As a member of the nonprofit Cambodian Community Health Board, Ouk has co-hosted outreach events at Phnom Penh every other month to inform attendees about diabetes, hypertension, the dangers of smoking and alcohol. They also discuss additional resources that are needed in the community, such as translation services for people who are applying for citizenship and how to facilitate access to transportation. “It represents us all as a community,” Ouk said about Phnom Penh Noodle House. “To see the restaurant closing, it’s devastating. We’ve always been going there, and now it’s like … what now?”

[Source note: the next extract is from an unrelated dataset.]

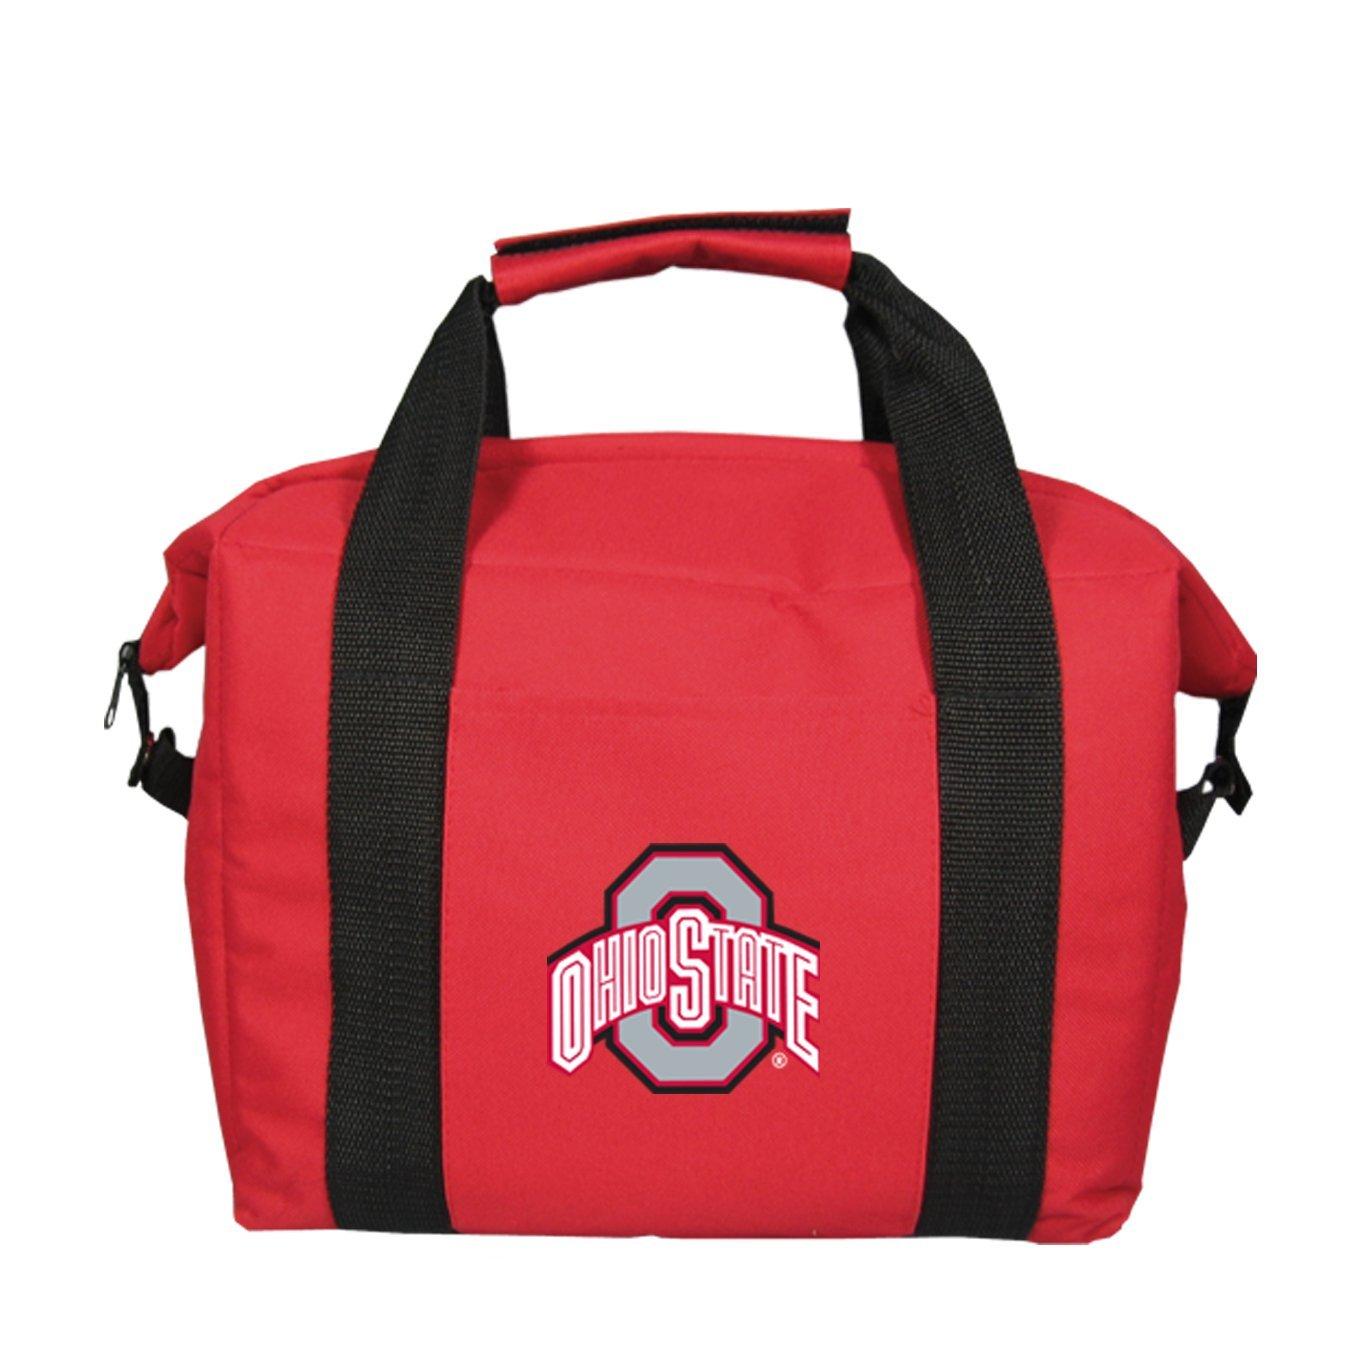 NCAA Ohio State Buckeyes 12 Can Cooler Bag

A Szechuan restaurant will take over Phnom Penh Noodle House’s space for the remainder of the lease, and Dawn said she didn’t know of anyone within the local Cambodian community who is interested in creating an eatery to take its place.
Although the local restaurant scene’s diversity problem has stumped many observers, Philip Deng, founder and CEO of MarketShare—a local nonprofit that seeks to empower under-resourced entrepreneurs in the food industry—largely attributes it to Seattle’s rising cost of living and the cultural appropriation of marginalized communities’ cuisines. “I think what is most important to note is that diversity is increasing on restaurant menus—as mainstream customers seek more globally representative flavors—while diversity in restaurant proprietorship has failed to keep pace with the broadening variety of dishes being served,” Deng wrote in an email to Seattle Weekly. “Ask any Seattle restaurateur how much capital and risk is involved with opening a restaurant close to or in the downtown core, and I think you’ll have most of your answer as to why less economically powerful groups such as newly arrived immigrants and refugees are less able to open their own food businesses in similar areas.” Deng is currently raising funds for MarketShare’s proposed plan to transform the King Street Station into an incubator for immigrant and refugee chefs, which he hopes could help address the lack of Cambodian and other type of cuisines in the area.
Meanwhile, the local Cambodian community has stepped up for the Phnom Penh family by offering emotional and financial support to Dawn and her son, Devin. A GoFundMe page dedicated to his recovery has raised nearly $80,000 since launching last September. Devin now lives in a skilled nursing facility, and Dawn cares for him in between her work shifts at the extra job she picked up at Princi bakery in Starbucks Reserve Roastery. Offers of legal, therapy, and health care services have helped keep the family going during this difficult time.
“I had a sense of it, but didn’t realize how much love, really, there was for us,” said Dawn. “It’s amazing how food could have that impact on others.”